Ginger and Rosa

Elle Fanning's performance as Ginger is nothing short of exceptional in this film by Sally Potter.
Karina Abadia
Published on July 14, 2013

Overview


Ginger (Elle Fanning) is a strikingly beautiful and angsty British teen on the brink of adulthood. She's got more on her plate than the average girl her age though. She's living through the Cuban missile crisis of 1962, her family life is fraught with tension and she's completely disinterested in school.

Her confidant and best friend Rosa (Alice Englert) is the centre of her world and together they get a thrill out of rebelling however they can. As the crisis escalalates Ginger's anxiety increases and she starts attending Ban the Bomb meetings in an effort to take back some sense of control. She wants her best mate to be a part of this too but Rosa's revolution becomes more evidently sexual. She is obssessed with the romantic notion of finding everlasting love.

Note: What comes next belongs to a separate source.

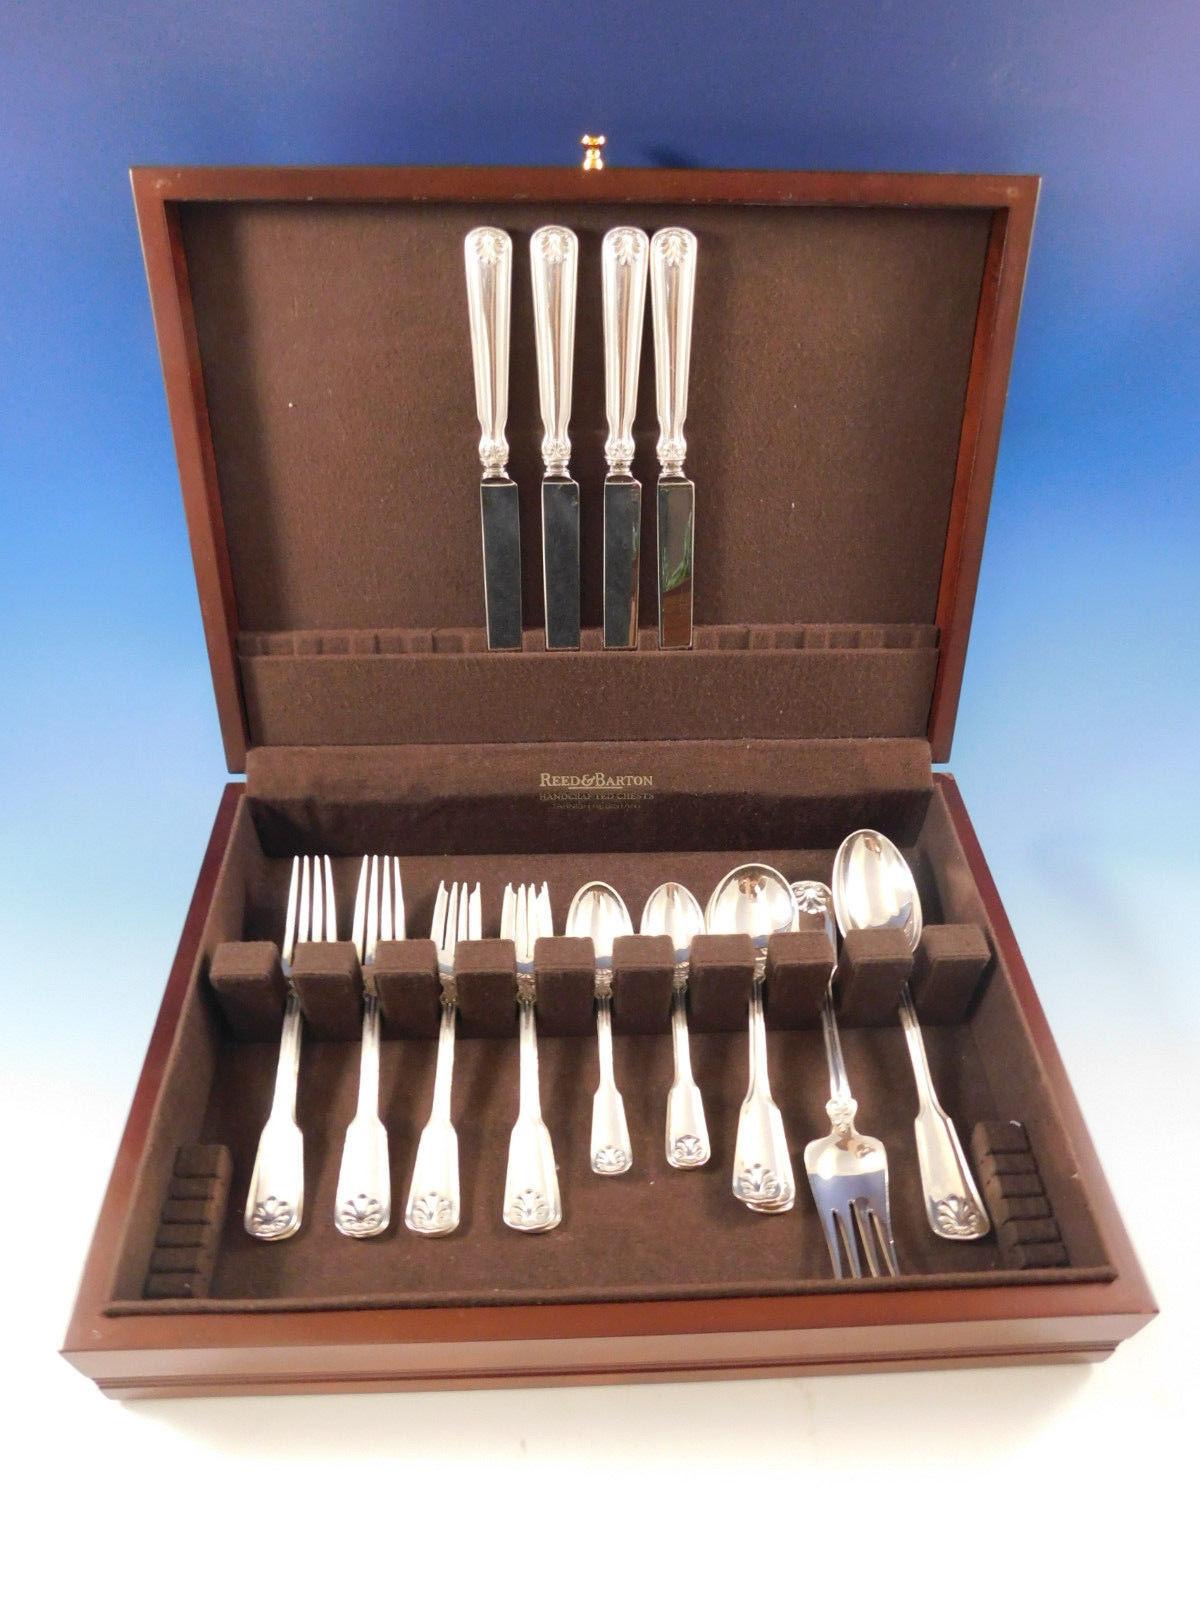 Dinner size shell and thread by Tiffany & Co. sterling silver flatware set - 22 pieces. Great starter set! This set includes:

4 dinner size knives, 10 1/4

More than anything what Ginger wants is for people to take her political stance seriously and she feels encouraged when her gay godfathers and their friend Bella (Annette Bening), a straight talking American writer, praise her efforts. She looks down on her mother Natalie (Christina Hendricks) who she deems pathetic and she idolises her father Roland (Alessandro Nivola). He is a free-thinking writer and music teacher who was imprisoned for being a conscientious objector during the war and, at least according to his own version of himself, has devoted his life to challenging the status quo. Eventually how far he can push this line and still justify his behaviour is put to the test in an extremely explosive scene.

Elle Fanning's performance as Ginger is nothing short of exceptional in this film by Sally Potter. Alice Englert also does a fine job of playing the naive and slightly confused romantic. In their own ways the two girls reflect what it's like to transition from adolescence to adulthood while also giving a very real sense of what it might have felt like to live through this extremely unsettling period of history.